-- Exercise objective --
Please set down the line that contains "Australia, Northern Territory, Kakadu" and every line below it through the last, exactly as written, with no other lines.

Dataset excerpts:
▶

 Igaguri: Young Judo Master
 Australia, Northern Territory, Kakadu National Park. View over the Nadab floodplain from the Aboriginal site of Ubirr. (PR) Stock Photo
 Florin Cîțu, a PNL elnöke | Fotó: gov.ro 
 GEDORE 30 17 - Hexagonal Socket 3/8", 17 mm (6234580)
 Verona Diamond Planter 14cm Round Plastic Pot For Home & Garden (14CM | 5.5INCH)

◀

-- Your solution --
 Australia, Northern Territory, Kakadu National Park. View over the Nadab floodplain from the Aboriginal site of Ubirr. (PR) Stock Photo
 Florin Cîțu, a PNL elnöke | Fotó: gov.ro 
 GEDORE 30 17 - Hexagonal Socket 3/8", 17 mm (6234580)
 Verona Diamond Planter 14cm Round Plastic Pot For Home & Garden (14CM | 5.5INCH)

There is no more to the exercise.